I am now matching the correct forwarded-element simply by proxy hostname in by, which it turns out is also supported in Sanic and probably covers most proxy setups with no risk of spoofing (while again parsing right to left).

mholt commented 1 year ago

That's great, thanks for sharing. (When this issue was opened, that solution wasn't possible yet.)

I imagine that has some limitations compared to the total complexity of how Forwarded works, but probably works for quite a few use cases :smiley:

francislavoie commented 1 year ago

That's pretty clever! I think you could probably augment it by using {client_ip} (using the 2.7 beta version) instead of {remote_host} if you configured trusted_proxies in global options, which would make it use the parsed XFF header value from downstream. If you have something in front of Caddy anyway.

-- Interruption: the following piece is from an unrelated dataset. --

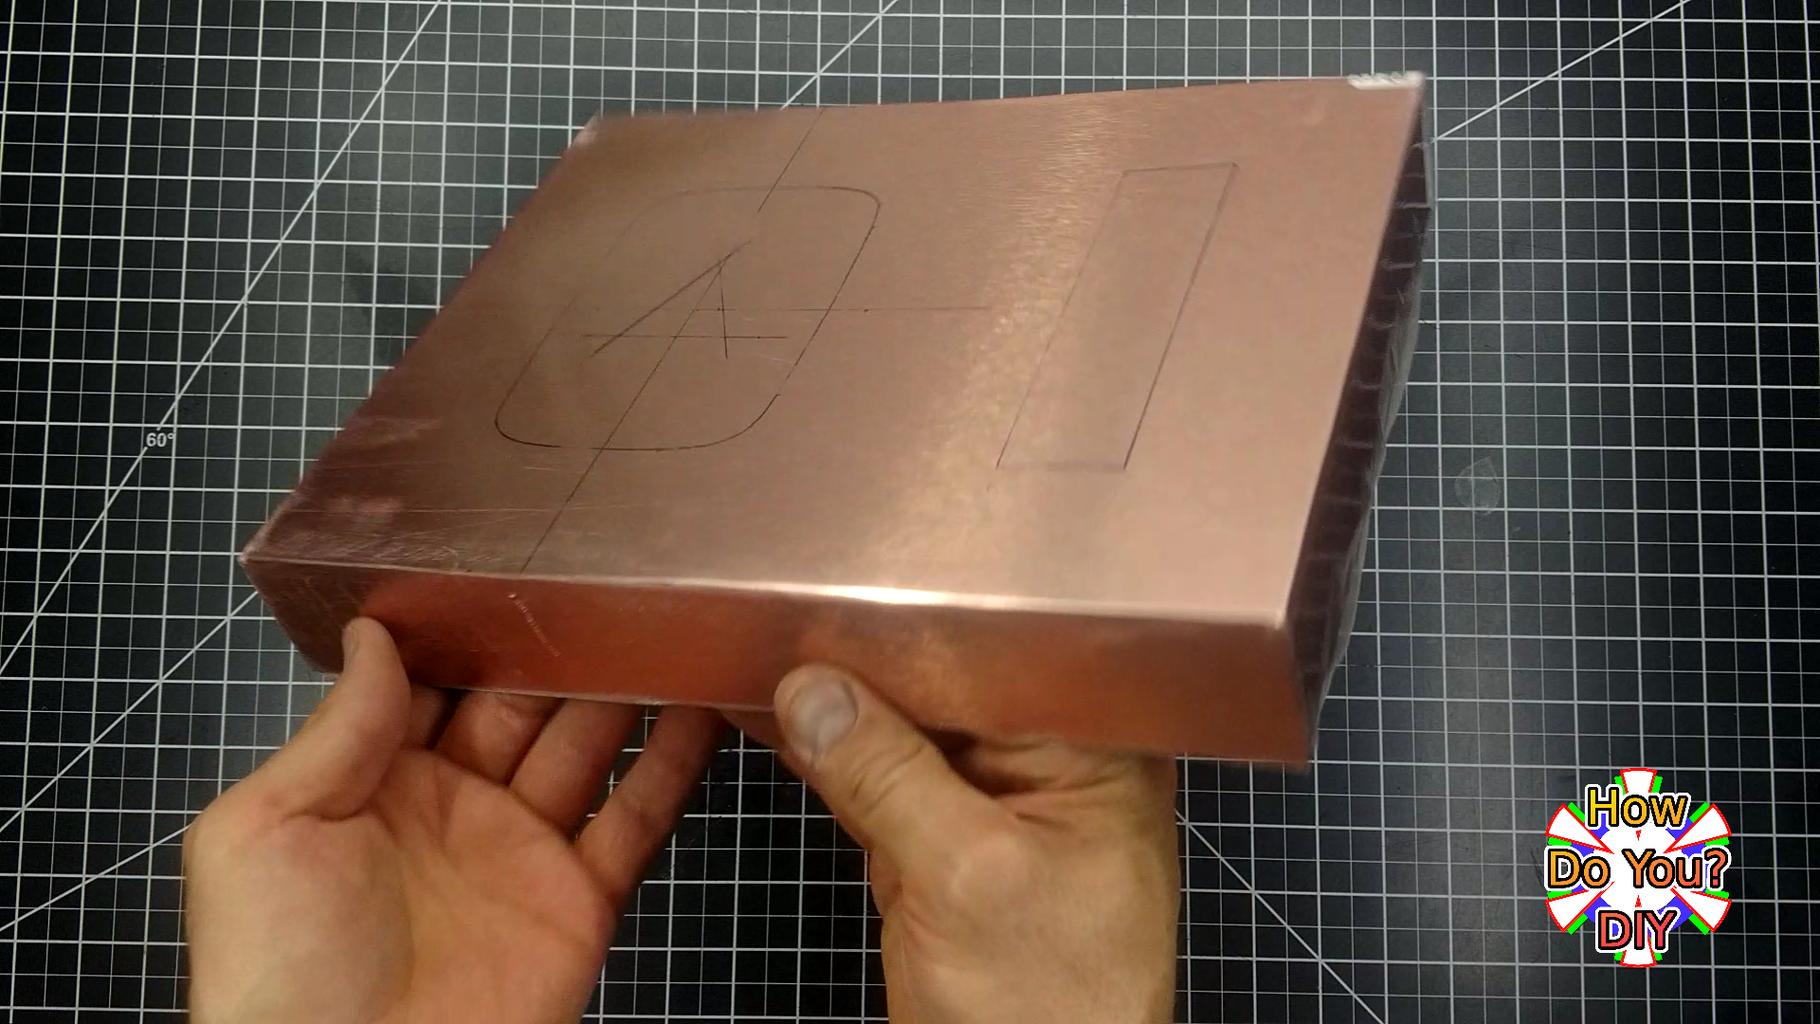 Shaping the Box

Also I think you might want to remove the + from +Forwarded because that will add the header instead of setting it, which means if downstream set Forwarded it would have two of the same header instead of ignoring the original header (spoofing risk).

Tronic commented 1 year ago

complexity of Forwarded

I believe this is complete for sending them upstream as per option 1 below.

client_ip

A good idea for option 2... Actually I thought remote_host was already returning, well, remote IPs. I haven't read the docs or development discussions that far yet 😅

+Forwarded

The choice to append is intentional; you are supposed to have a chain of forwarded-elements from each proxy (separated by commas or in multiple headers). Given how buggy HTTP servers are at handling duplicate request headers, it might however be safer to concatenate them all on a single header.

Say you have Client -> CDN -> Caddy -> Server. The server receives:

Forwarded: by=_cdn; for=<Client IP>; proto=https; host=<Host header from Client>
Forwarded: by=_caddy; for=<CDN IP>; proto=<CDN to Caddy>; host=<Host from CDN>

Proxies can simply append their own local information to the end. In practice I can very well see an alternative where proxies strip off any earlier headers and try to forward information from downstream that they trust, i.e. instead the server only gets:

Forwarded: by=_caddy; for=<Client IP>; proto=https; host=<Host header from Client>

Whether that information comes from XFF, Forwarded or some other means is then up to Caddy (needs manual configuration for trust). But the specification seems to intend for the first option, and that is clearly easier for proxies.

Spoofing risk

A server that knows its proxies and is not buggy cannot be spoofed. It can either count from the end the Nth element (configured proxies count - works great on XFF), or preferably seek for by=_cdn (configured identifier). Even if Mallory knew the identifier, she couldn't exploit it unless she can also bypass the CDN to connect Caddy directly (mitigated by trusted proxies configuration).

Buggy servers remain a large practical risk though. A server that only sees the first header appears to work in normal use but can be spoofed. The same goes for those who don't implement the parsing and searching backwards as they should. And the worst still just read the first value from XFF by default (trivial to exploit when they don't actually have any proxies).